Conditionally immortalized proximal tubule epithelial cells obtained from urine samples of healthy volunteers and overexpressing the organic anion transporter 1 (ciPTECs-OAT1) were cultured as described by Nieskens et al. [25]. Cells were seeded at a density of 63,000 cells/cm2, cultured at 33 °C to allow expansion, then cultured for 7 days at 37 °C for differentiation and maturation. Cells were cultured using Dulbecco’s modified eagle medium (DMEM HAM’s F12, Life Technologies, Paisly, UK), 5 μg/mL insulin, 5 μg/mL transferrin, 5 μg/mL selenium, 35 ng/mL hydrocortisone, 10 ng/mL epidermal growth factor (EGF), 40 pg/mL tri-iodothyronine (Sigma-Aldrich, Zwijndrecht, The Netherlands), and 10% fetal calf serum (FCS, Greiner Bio One, Kremsmuenster, Austria).

5.7.2. Exposure to IS

To determine the time-dependent OAT1-mediated intracellular uptake of IS, mature monolayers of ciPTECs-OAT1 were incubated with IS (25, 50, 100, and 500 μM prepared in Krebs–Henseleit buffer (Sigma-Aldrich, Zwijndrecht, The Netherlands) supplemented with HEPES (10 mM, Sigma-Aldrich, Zwijndrecht, The Netherlands, pH 7.4) for variable periods of time. Uptake was stopped by washing one time with ice-cold HBSS (Life Technologies Europe BV, Roskilde, Denmark), and then, the cells were lysed by 100 µL 0.1M NaOH for 10 min at room temperature and under mild shaking. The intracellular IS concentration was determined in the cell lysate by LC-MS/MS, as described below.
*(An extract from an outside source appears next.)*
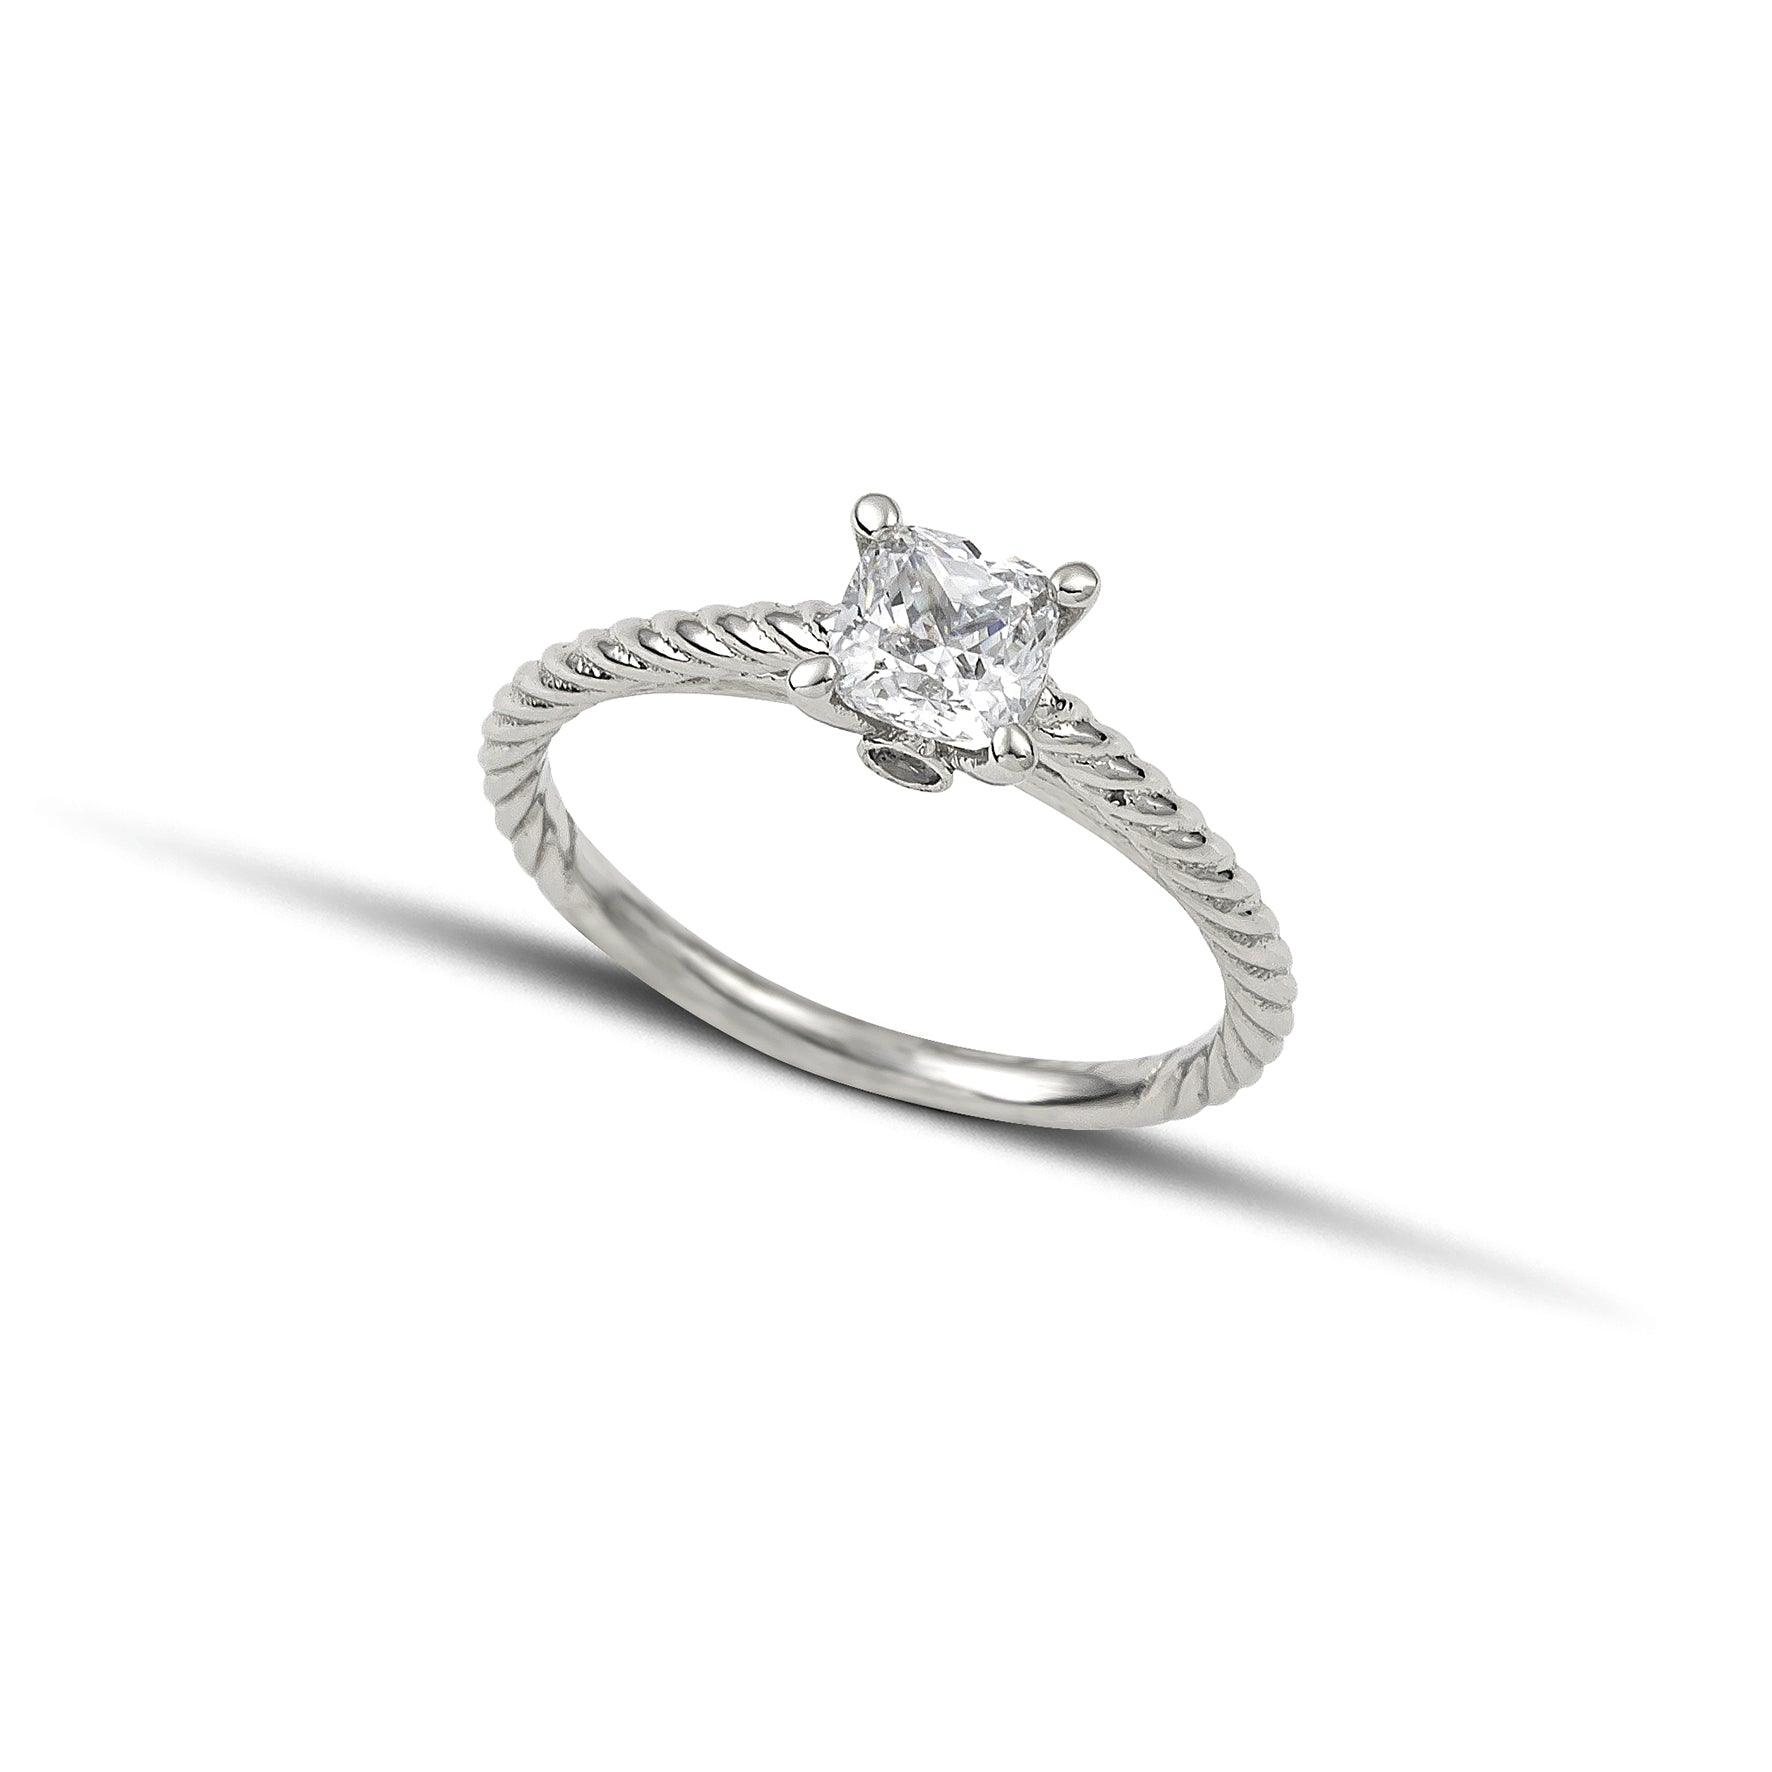 Μονόπετρο δαχτυλίδι με διαμάντι κατασκευασμένο από λευκόχρυσο με ανάγλυφες λεπτομέρειες στα πλαίνά μέρη του δαχτυλιδιού και καστόνι με τέσσερα δόντια.

5.7.3. Intracellular Detection of IS

Reagents

IS potassium salt and isotope-labeled IS potassium salt (13C6, 99%) as internal standard were purchased from Sigma-Aldrich (Zwijndrecht, The Netherlands) and Cambridge Isotope Laboratory (Tewksbury, Massachusetts, USA), respectively. Water (U°LC-MS grade), acetonitrile (HPLC-S grade), and methanol (HPLC grade) were purchased from Biosolve (Valkenswaard, The Netherlands). Formic acid (analytical grade) was obtained from Merck (Darmstadt, Germany). Ultrapure water was produced by a Milli-Q® Advantage A10 Water Purification Systems (Merck, Amsterdam, The Netherlands).

Equipment

The LC-MS/MS system consisted of a DGU-14A degasser, a CTO-10Avp column oven, a Sil-HTc autosampler, and two LC10-ADvp- pumps (Shimadzu, Kyoto, Japan) and a Finnigan TSQ Quantum Discovery Max triple quadrupole mass spectrometer with electrospray ionization (Thermo Electron, Waltham, MA, USA). The Xcalibur software (version 1.4, Thermo Electron) was used to record and process the data.

Sample Pre-Treatment

The cell lysate underwent the protein precipitation procedure. About 20 μL of cell lysate was crushed by 80 μL of protein precipitant containing 0.5 µg/mL of internal standard, which was followed by vortexing for 2 min and centrifuging for 2 min at 1000 rpm. After that, 64 µL of supernatant was collected in 1 mL round-bottom wells of a polypropylene 96-deep well plate and diluted with 200 µL of ultrapure water. Finally, the plate was gently shaken before placing it in the autosampler for LC-MS/MS analysis.

Supplementary Materials

The following are available online at https://www.mdpi.com/article/10.3390/toxins13100674/s1, Table S1: Conservation of mass calculation, Table S2: All settings for COPASI parameter fitting models

Author Contributions

J.K. was responsible for conceptualization, model implementation, results analysis, and manuscript writing. S.M.M. and S.A. performed all experimental work. A.C., R.T. and S.G. were responsible for supervision, conceptualization, manuscript revision, and securing funding. R.M. was responsible for conceptualization and manuscript revision. All authors have read and agreed to the published version of the manuscript.

Funding

This study has received funding from RegMed XB (REGenerative MEDicine crossing Borders) powered by Top Sector Life Sciences & Health (Health~Holland), and support from the European Union’s Horizon 2020 research and innovation programme under the Marie Skłodowska-Curie RenalToolBox Grant agreement no. 813839 as well as the WIDESPREAD-05-2018-TWINNING call REMODEL (857491).

Institutional Review Board Statement

Not applicable.

Informed Consent Statement

Not applicable.

Data Availability Statement

All models are made public in the Virtual Cell database.

Conflicts of Interest

The authors declare no conflict of interest.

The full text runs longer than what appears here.